Juliana Oliveira Silva
Os Korubo do Vale do Javari: uma etnografia sobre contato na Amazônia ocidental
TESE
Os Korubo descobrem os brancos: uma etnografia sobre contato na Amazônia ocidental
autora
orientadoras
Bruna Franchetto e Luisa Elvira Belaunde
Área e sub-área
Antropologia social, Etnologia indígena
Defendido em
Programa de Pós-graduação em Antropologia Social do Museu Nacional, Universidade Federal do Rio de Janeiro, em 25/07/2022
Esta tese de doutorado, defendida no Programa de Pós-graduação em Antropologia Social do Museu Nacional, é a primeira etnografia sobre os Korubo do Vale do Javari, segunda maior terra indígena do Brasil, localizada no estado do Amazonas, fronteira entre o Brasil e o Peru.
Essa terra indígena concentra sete povos contatados (Matis, Matsés, Marubo, Korubo, Kanamari, Kulina-Pano e Tsohom-dyapa) e o maior registro de povos indígenas em ‘isolamento’, isto é, sem estabelecer relações diretas e contínuas com o Estado brasileiro e suas instituições, como a Funai (Fundação Nacional dos Povos Indígenas) e a Sesai (Secretaria Especial de Saúde Indígena). Os Korubo ganharam notoriedade pelo histórico de guerra e, recentemente, através das lentes do fotógrafo Sebastião Salgado. Contudo, jamais haviam sido alvos de estudos antropológicos. O que sabíamos sobre eles, até recentemente, era uma extensa narrativa sobre conflitos com os não-indígenas, os ‘brancos’.

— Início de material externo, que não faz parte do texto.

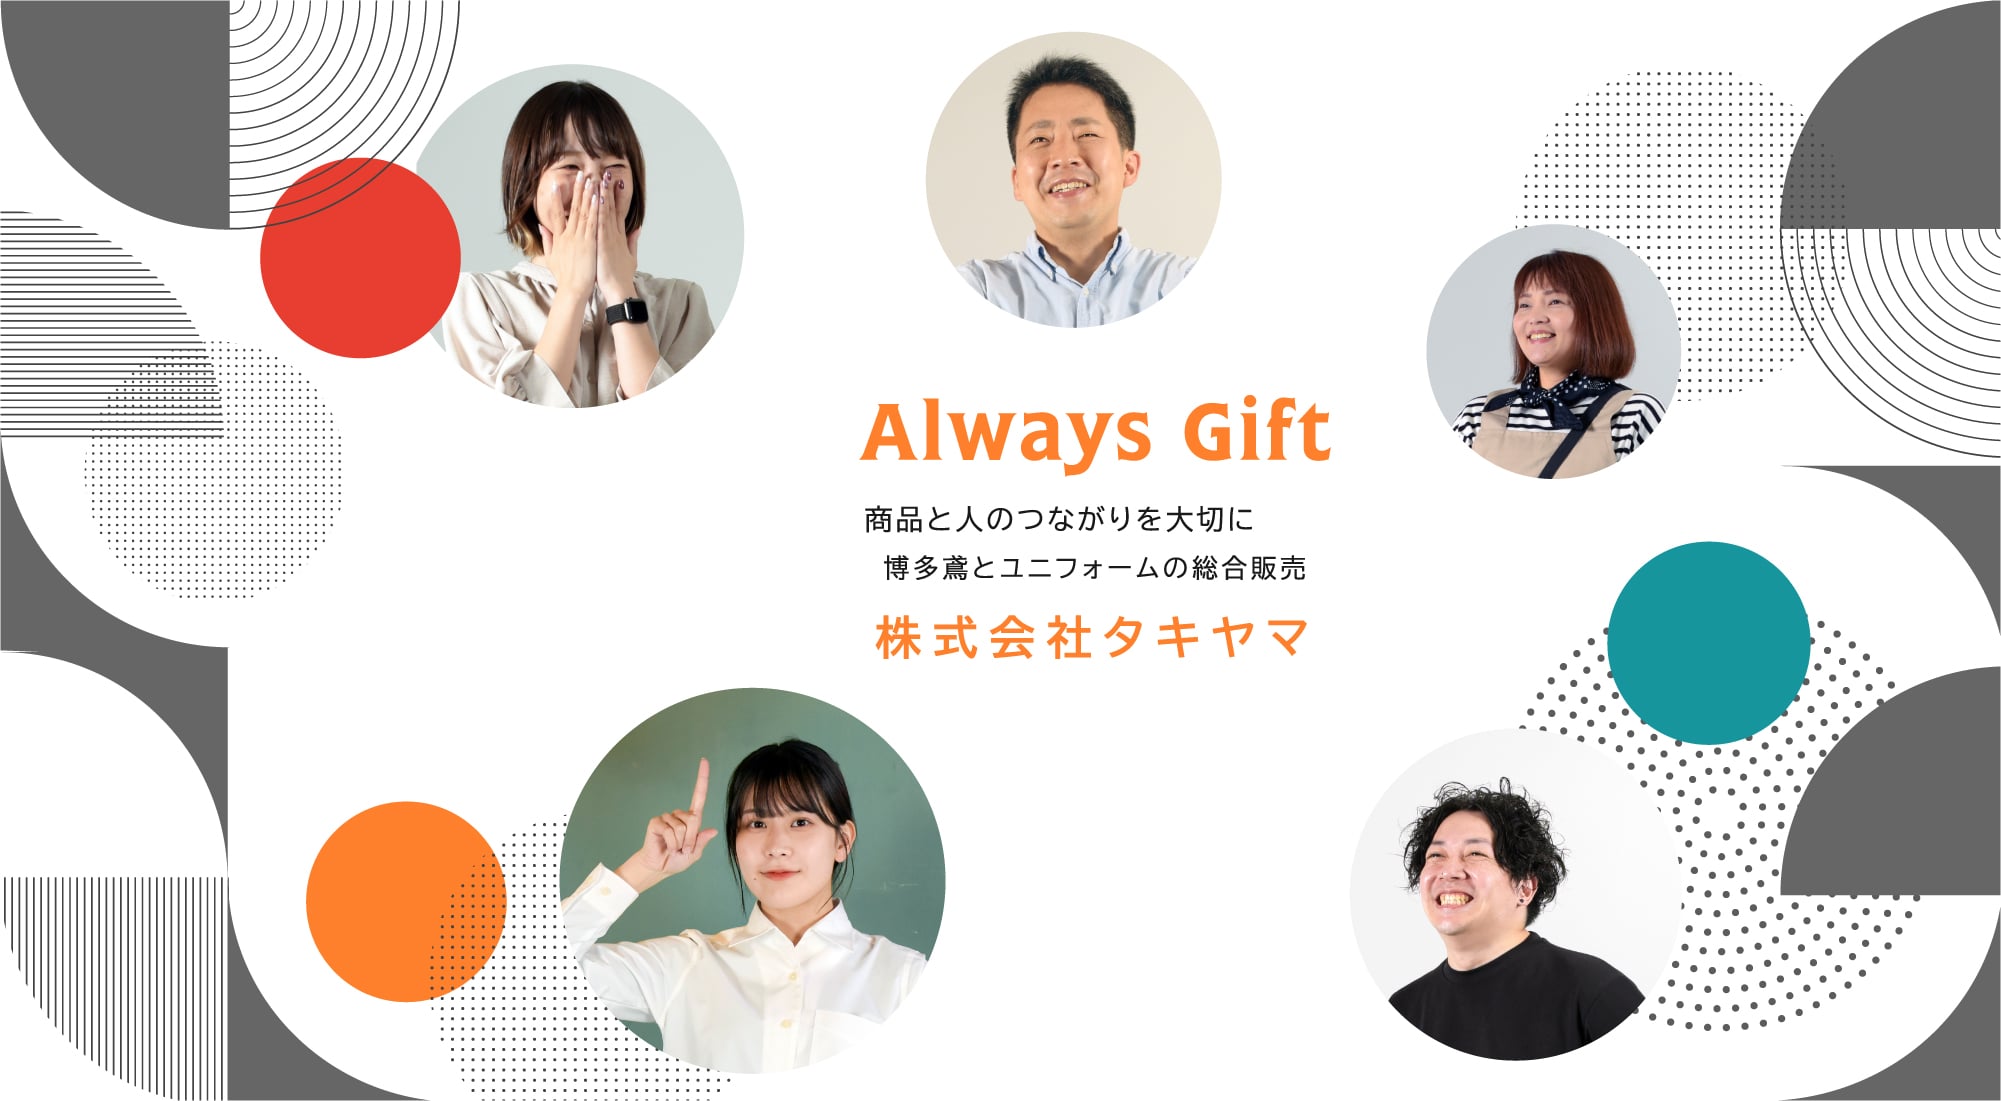 Always Gift 商品と人のつながりを大切に 博多鳶とユニフォームの総合販売 株式会社タキヤマ

Historicamente, os Korubo resistiram à penetração das frentes extrativistas nessa porção da Amazônia brasileira, guerreando com os brancos utilizando suas bordunas, armas de guerra chamadas regionalmente de ‘cacetes’. Disto decorre alguns estereótipos que funcionam como designações pejorativas, como ‘caceteiros’, ou que qualificam negativamente o seu modo de vida, como ‘arredios’. Hoje, a maior parte dos Korubo é considerada pela Funai como sendo de ‘recente contato’, enquanto outra parcela deles permanece em ‘isolamento’. Os Korubo de recente contato somam cerca de 150 pessoas distribuídas nos rios Ituí e Coari, no interior da terra indígena. No passado, eles perderam praticamente todos os seus anciões. Hoje, configuram uma população jovem: 45.05% do total têm entre 0 e 9 anos de idade. Vivem da agricultura de coivara, e realizam expedições de caça, pesca e coleta. Atualmente, deparam-se com os desafios após os eventos de contato com o Estado brasileiro, buscando cada vez mais compreender os brancos, seus conhecimentos e suas tecnologias. Por isso, o foco da tese é o contato interétnico.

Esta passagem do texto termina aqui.